I can’t imagine waking up today and not remembering what the ocean looks like. I think I would be downright terrified. But then again, how would I know what I lost?

Living a life that is 100% through fresh eyes like my cousin Sam seems to be just about the scariest thing in the world.

The most beautiful part is that, through this all, through all that has happened and the new lens he has on the world — he is taking in these new experiences as with a sense of joy, of beauty, and of wonder. Talk about brave.

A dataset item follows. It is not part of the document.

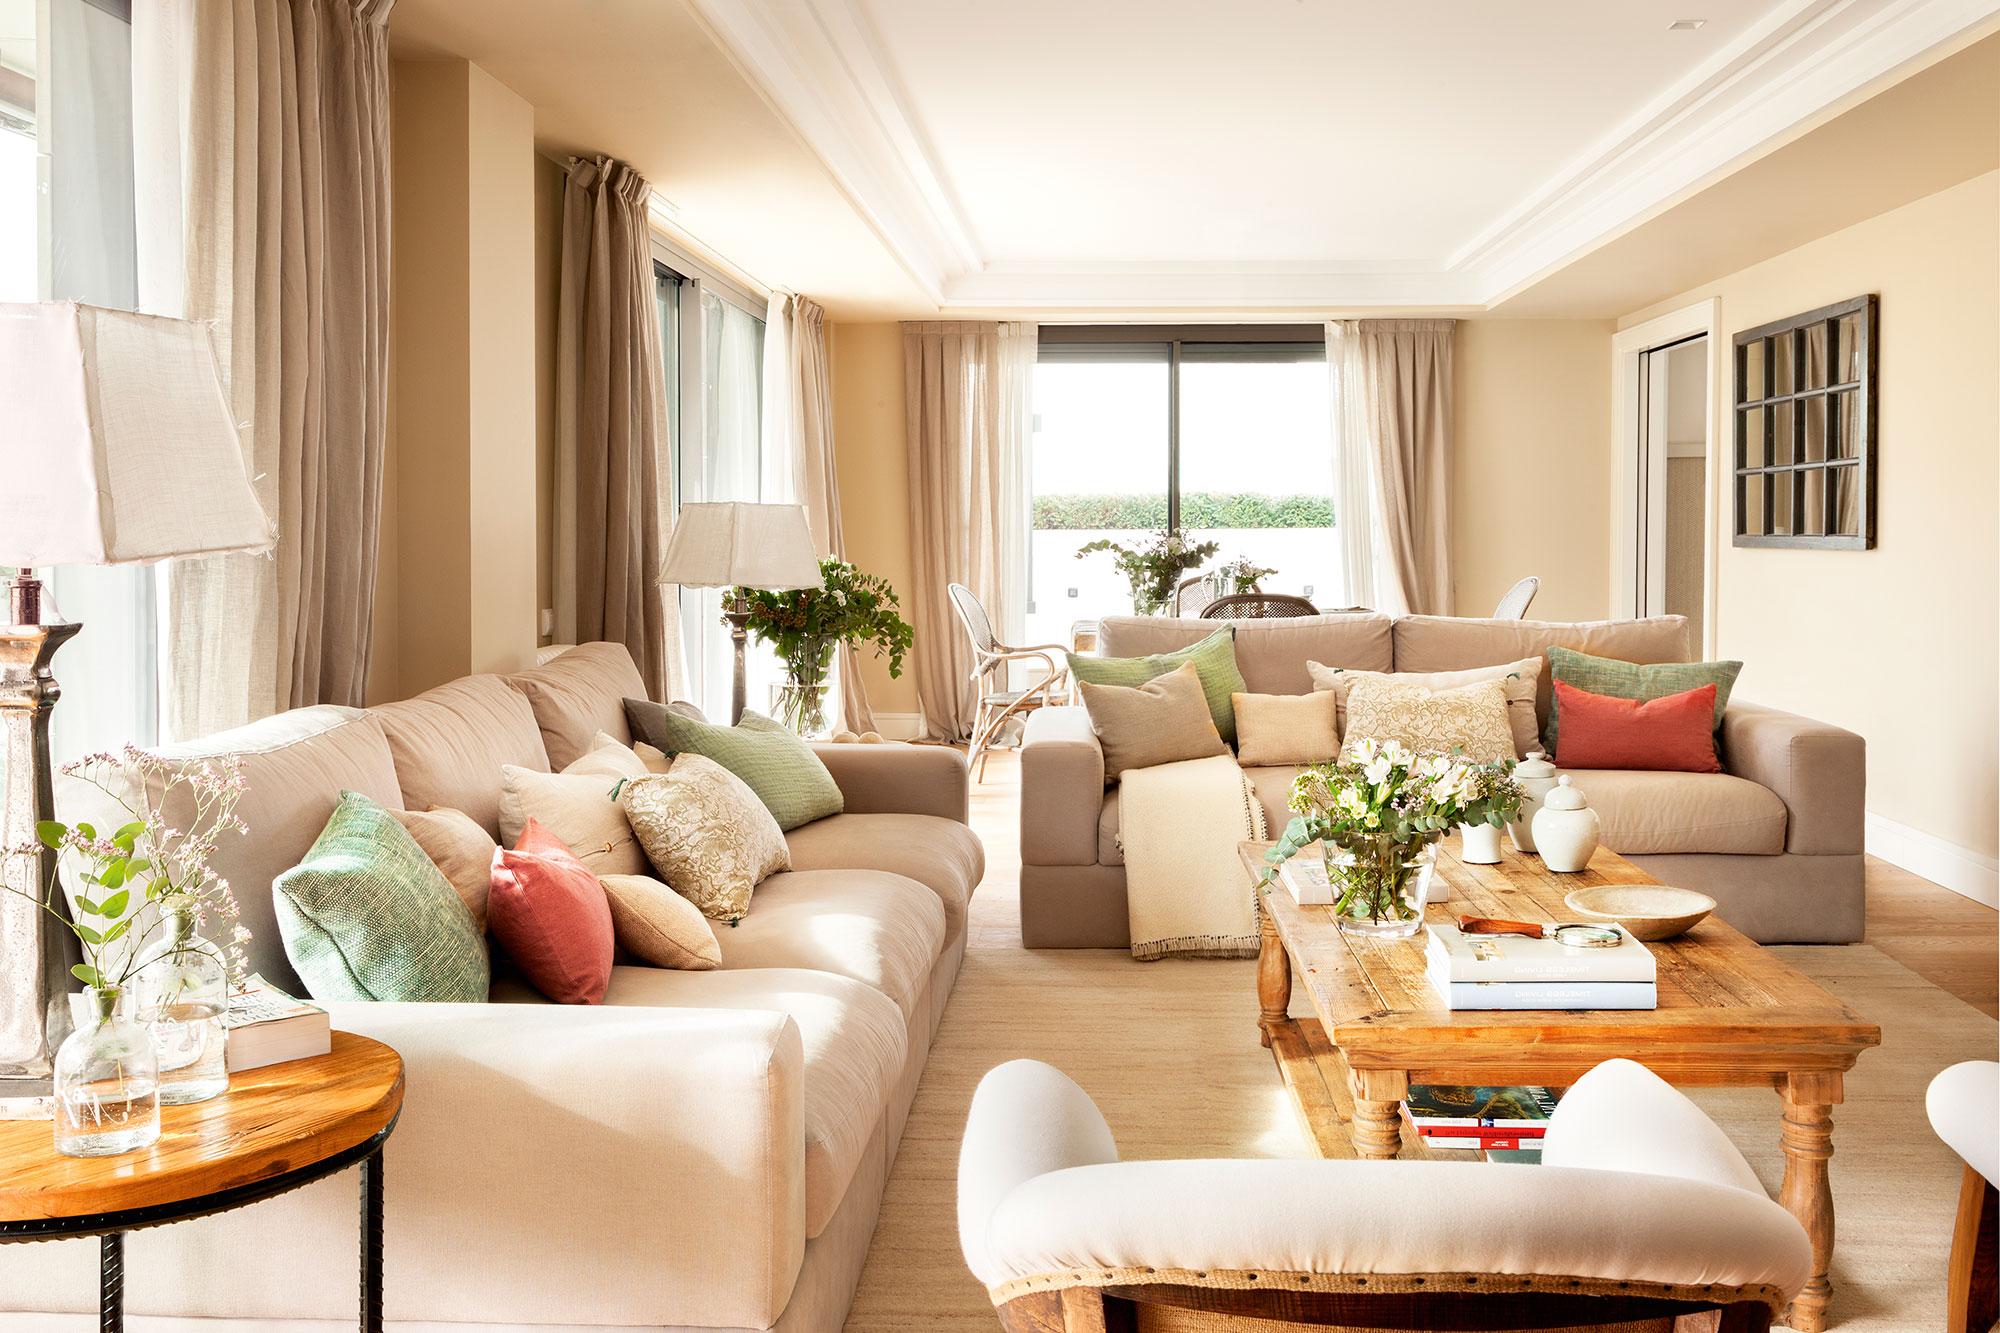 Sofa Cuatro Plazas Txdf 20 sofà S Para todos Los Gustos Y Las Claves De Cà Mo Elegirlo
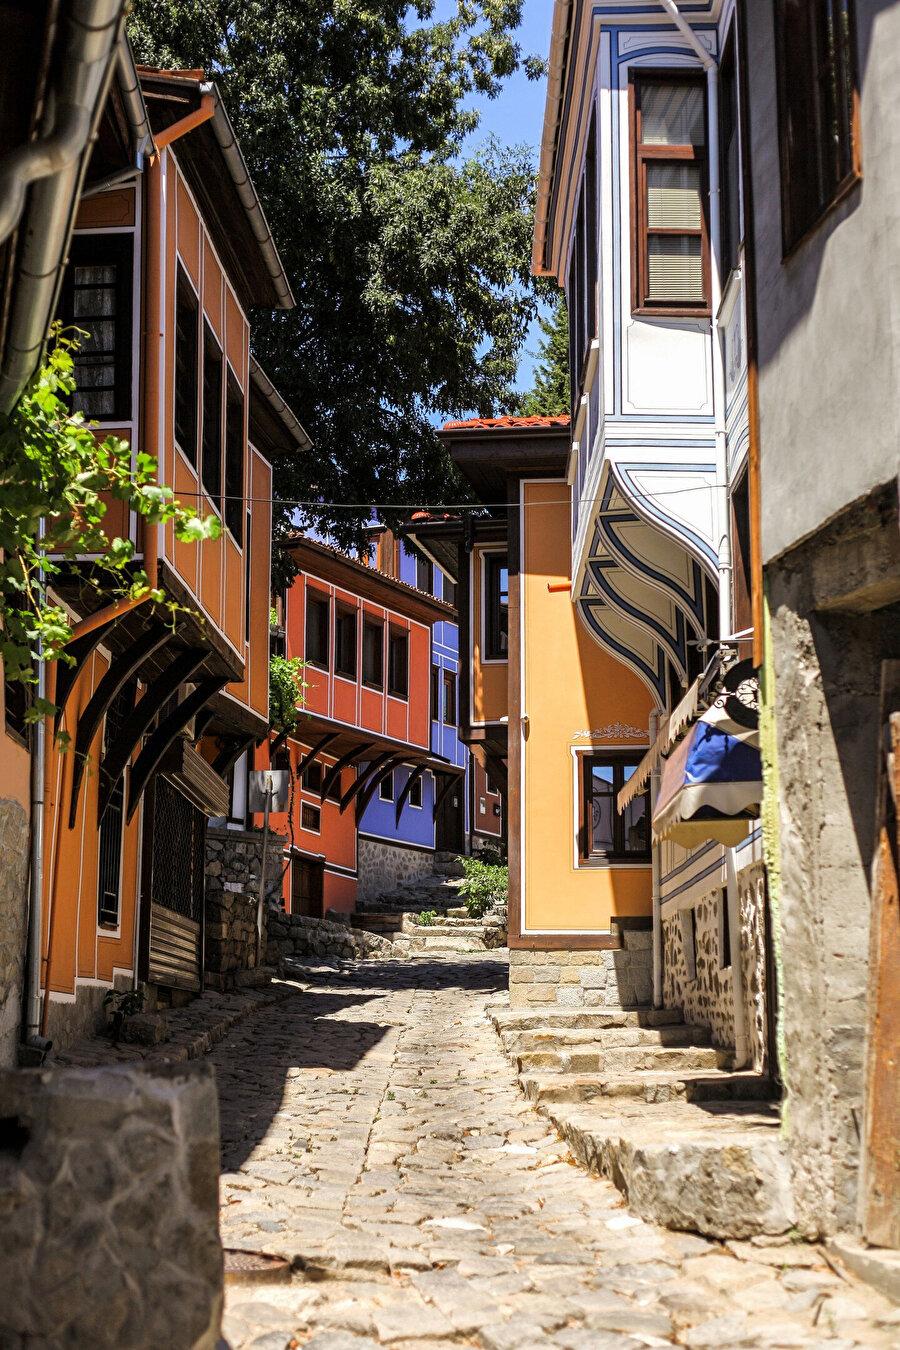 Filibe'nin karakteristik sokakları ve tarihî evleri.

And he’s still decided that he wants to get back into biking — the activity that nearly killed him.

— -

The law of diminishing firsts

The game lasted through triple overtime by the time the Toronto Marlies finally defeated Albany to advance their position in the playoff series. Needless to say, after 6 periods of play, I no longer flinched at every errant sound, save for one moment when I whacked my own face in an attempt to protect myself from an airborne puck that was coming in hot, just at eye level. But it could have been a lot worse. The guy several rows behind me took a puck to the lip and was escorted out, face oozing blood.

All and all, I like to I think I did pretty well. On the way out of the arena, I realized that this would be my last time experiencing a hockey game for the first time.

I thought back to my cousin, Sam, and his first re-experience eating Indian food that I had shared with him the previous month in Oregon. It made me smile to remember how much he enjoyed it — and how much enthusiasm he had expressed about being so completely open to trying anything and everything out there.

Spicy foods? “Why not?”

Foreign cuisines? “Bring it on!”

The weird delicacy on the menu that most of us are too scared to order? “Let’s do it!”

Without the tight constraints of expectations and prior experiences holding him back, Sam is welcoming the whole world of possibility. It’s a world I only experience on the periphery in my day-to-day, when I happen to be out of town and get an erratic idea to try something new.

But if we could all live a little bit more like Sam; if we could all think about enjoying our days not as a series of habits that we’ve grown accustomed to and comfortable with — but as an awakening to new sensations — I like to hope that we could all find a bit more of that present joy and admiration of what’s right in front of us.

No hockey puck to the face required.